Stalking the Prey
Looking at the above code, the first obvious optimization that developers suggest seems to be taking the conditional out of the loop, resulting in several case-specific loops. On small vectors, this nets about a 30% speedup. For further speedups, the suggestions are typically to go for loop unrolling, asm, and other heavy-handed solutions that come with a significant development time and code complexity increase.
Of course, readers of this website will know better than to jump straight into the code and apply optimization recipes: they would run the code through a profiler first. And since we’re dealing with a single procedure, an instrumenting profiler would be of little help, so they would run Sampling Profiler instead, and would get to see something like this:
In this run, only the dwInc case was stressed (line 37), and obviously the procedure spends less than 30% of its time doing what it was asked of, and most of its time (33%) on the “end“, ie. cleaning up, plus 8% setting up in “begin“. That’s 40%+ doing nothing but stack and setup/cleanup work!

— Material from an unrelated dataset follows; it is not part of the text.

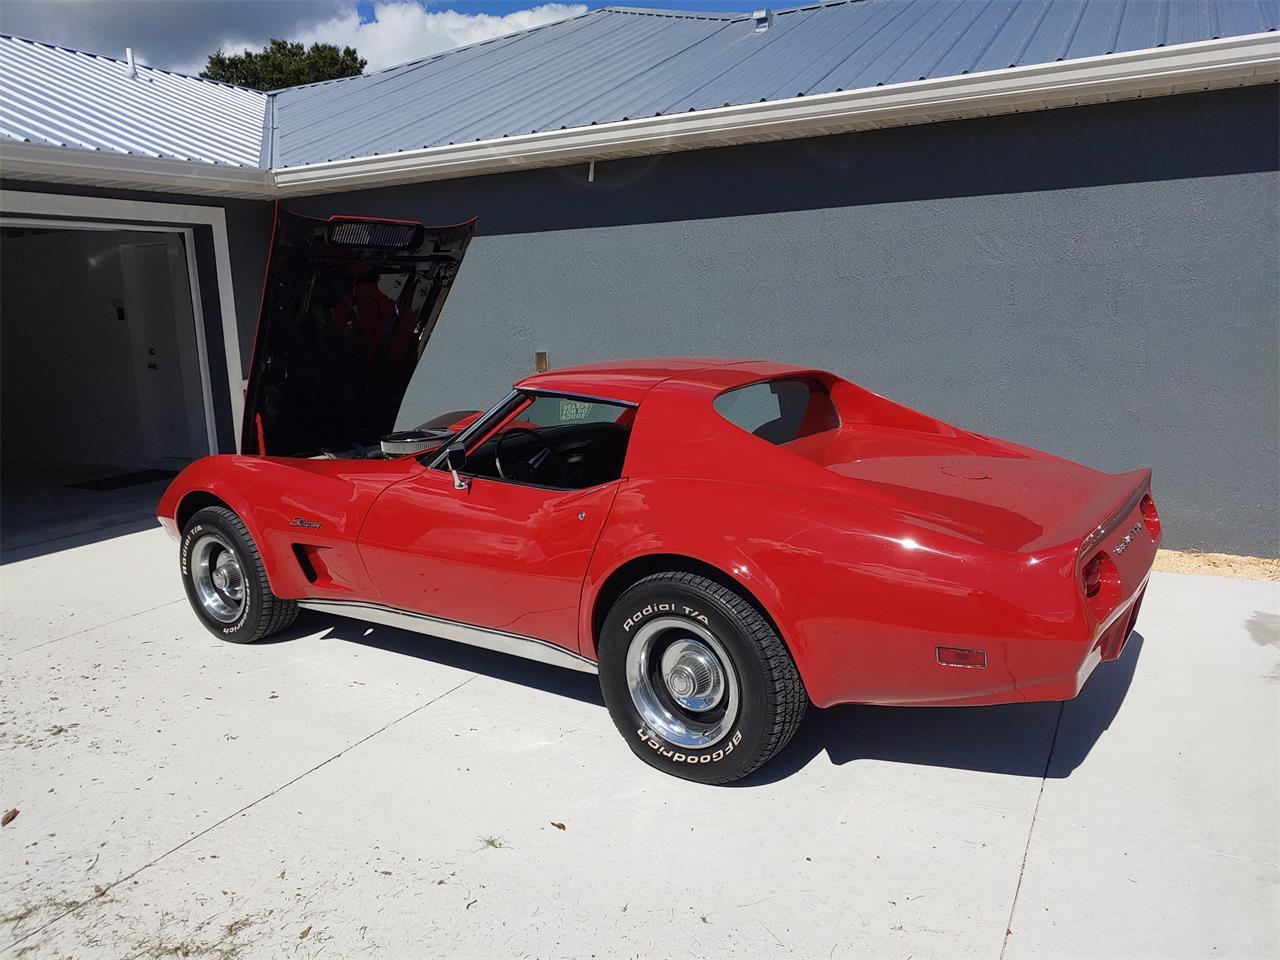 1974 Chevrolet Corvette (CC-1418692) for sale in Auburndale, Florida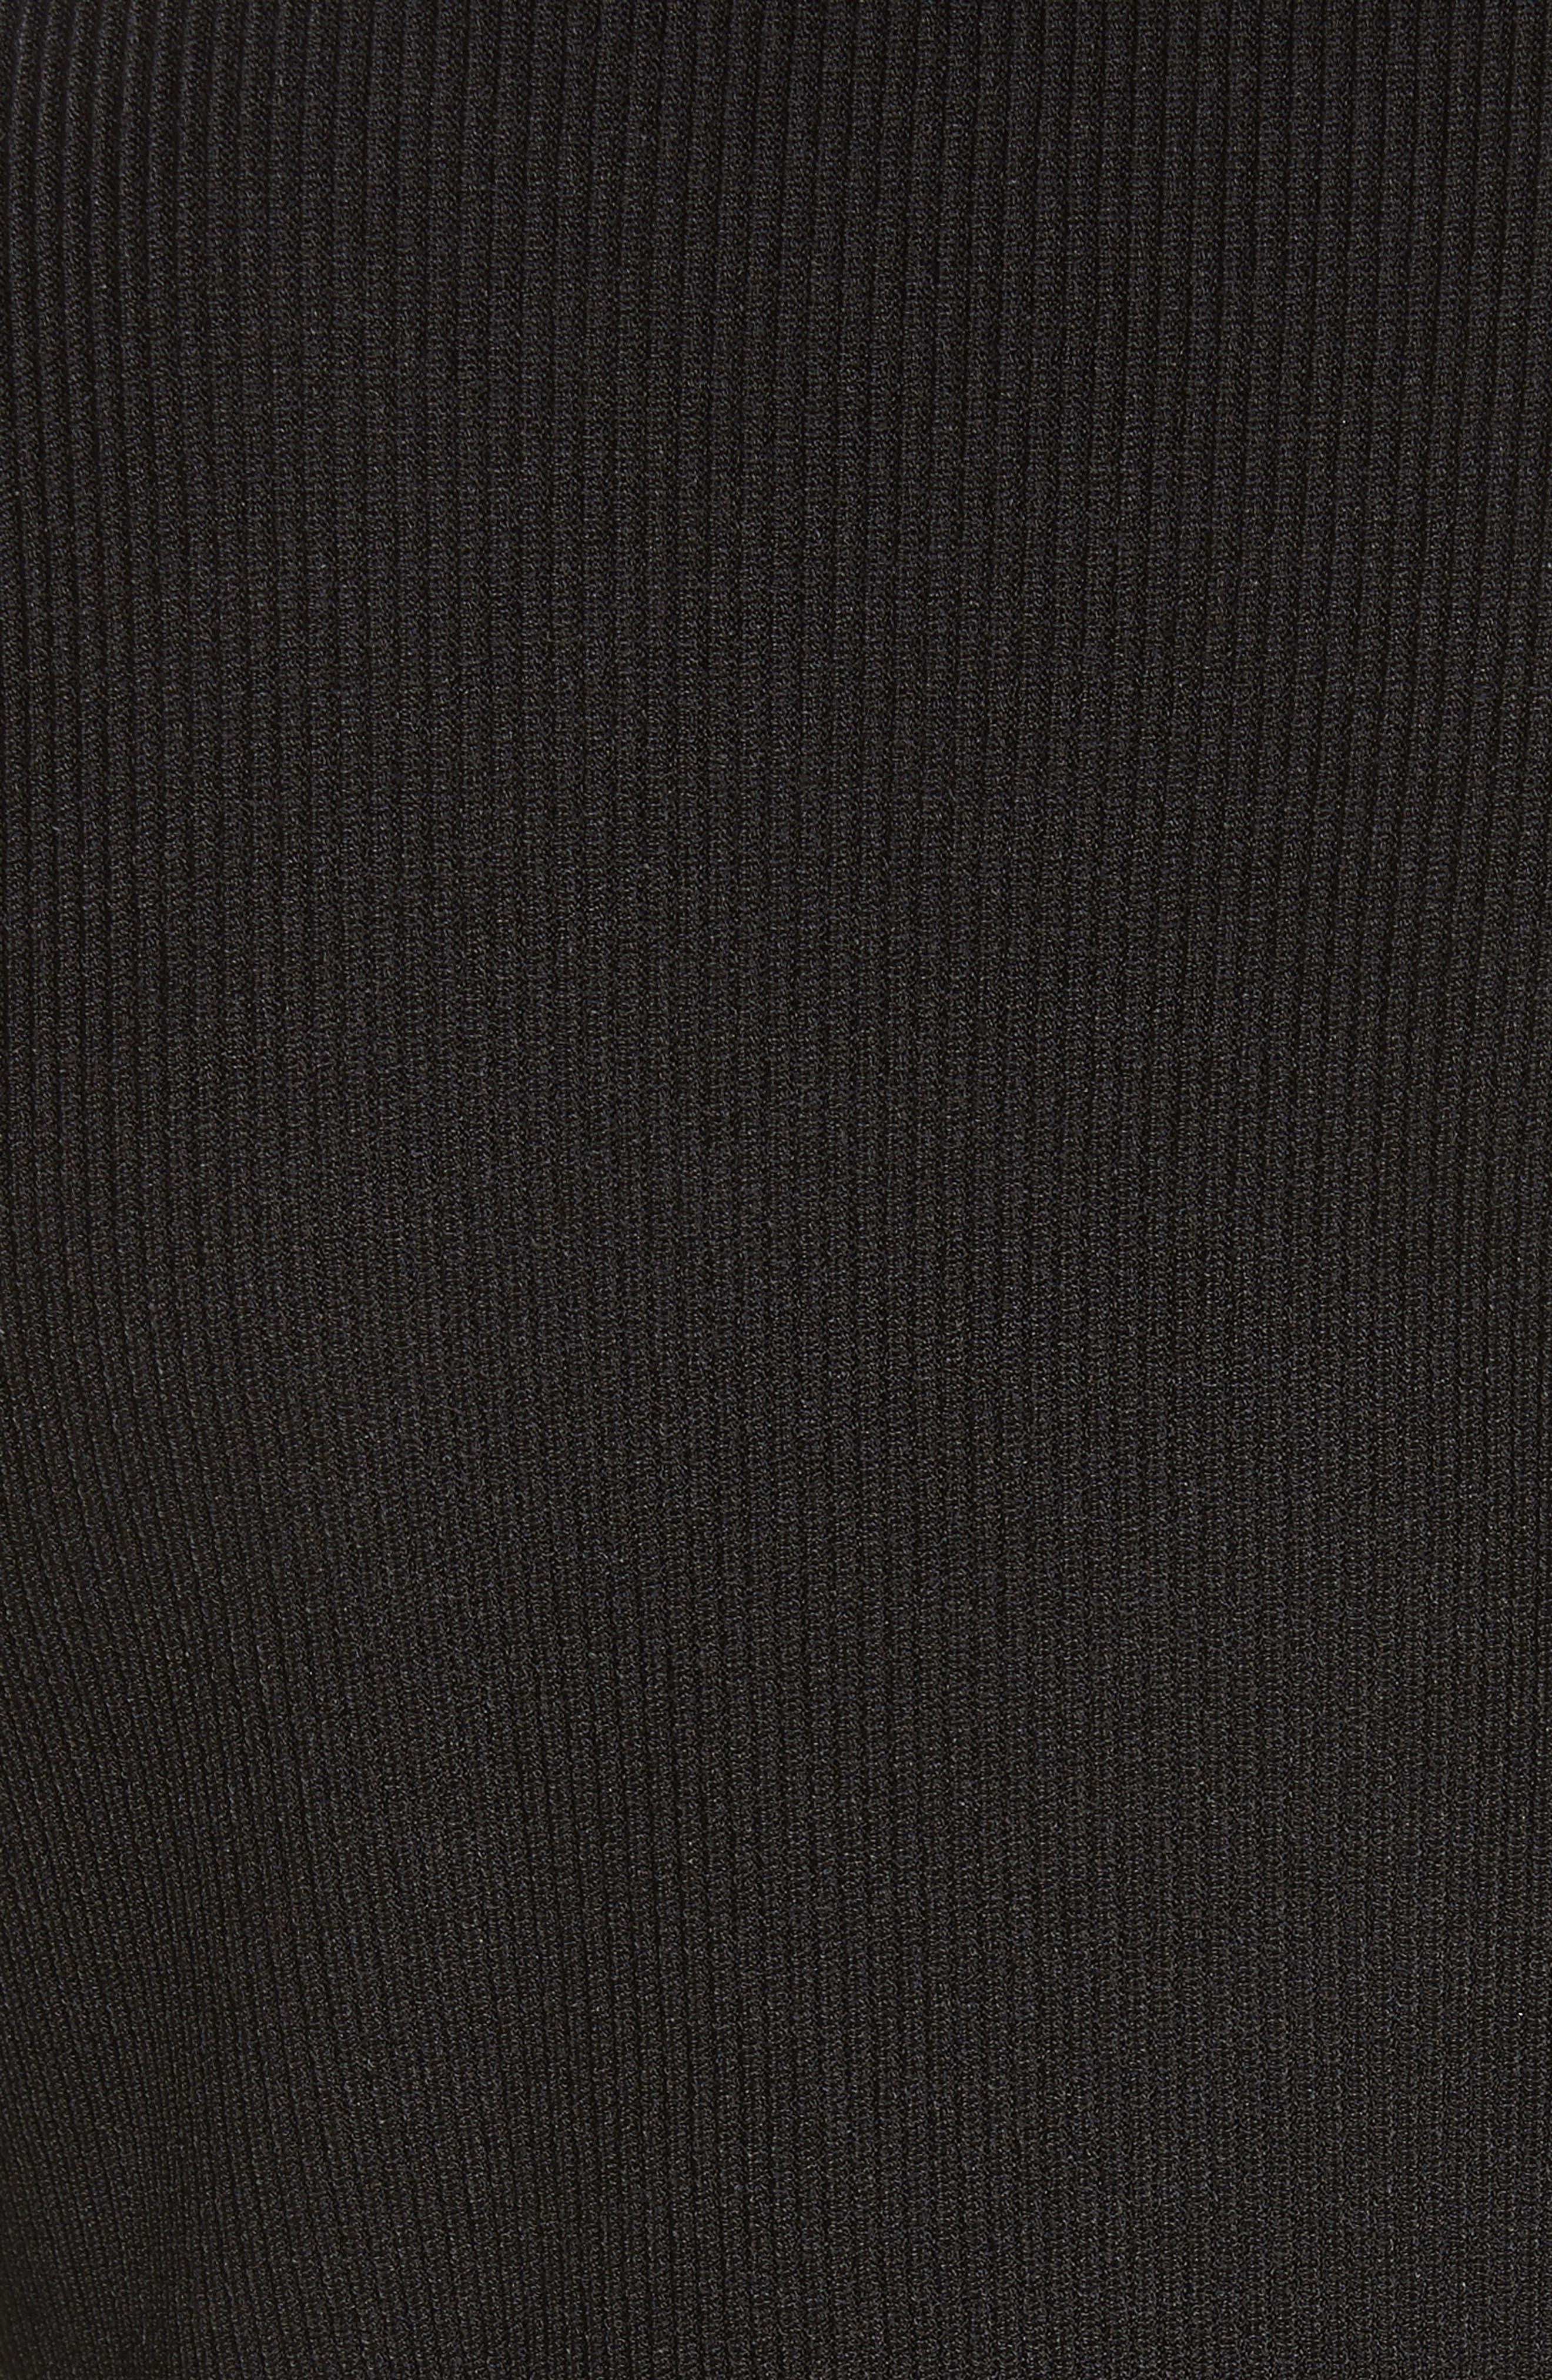 Sienna Ring Detail Knit Top,                             Alternate thumbnail 5, color,                             Black/ Matte Black

The conditional in the loop that could have looked like the most worrying bit is eating a bit less than 20% of the time.
What is the source of all that begin/end work? Place a breakpoint on begin, run and hit Ctrl+Alt+C when your breakpoint is reached, go have a look at the CPU view, and you’ll see this:
This is a fairly significant stack setup for such a small procedure, and those instructions with “fs:” at the bottom are the setting up of an (implicit) exception frame. An exception frame for what? if you haven’t guessed already, navigate your CPU view near the “end” line.
No wonder “end” was a bottleneck! The call to UStrArrayClr indicates that the exception frame is here to cleanup several strings… these strings are those of the raise Exception, one is the string returned by GetEnumName, the other is the result of the concatenation passed to Exception.Create.
Isolate and Kill
How to get rid of that exception frame? One typical way is to use “Exception.CreateFmt”, and pass only constant strings to it, but that is not possible here with the call to GetEnumName, which returns a string. The other way is to isolate the exception to its own (nested) procedure:
procedure RaiseUnsupported(what : TDoWhat); begin raise Exception.Create('Unsupported: '+GetEnumName(TypeInfo(TDoWhat), Integer(what))); end;
and call RaiseUnsupported in the “case else“. Doing so will move the exception frame to the new procedure, where it’s irrelevant in terms of performance.
This simple change nets us a 33% speedup, ie. we reclaimed most of the lost time in begin/end! We also gained a bit from the UStrArrayClr, which did essentially nothing since those strings it was used to clear weren’t defined (as long as we did not hit the exception).
Note that if you use a nested procedure for RaiseUnsupported, you can be tempted not to pass it the “what” parameter, but use directly the “what” from its parent procedure. However by doing so, you’ll have the compiler use a special stack setup (so that the nested procedure can access the parent procedure’s variables). This setup will be faster than the exception frame it replaces, but with it, begin/end would still be taking about 18% of the CPU time spent in the procedure.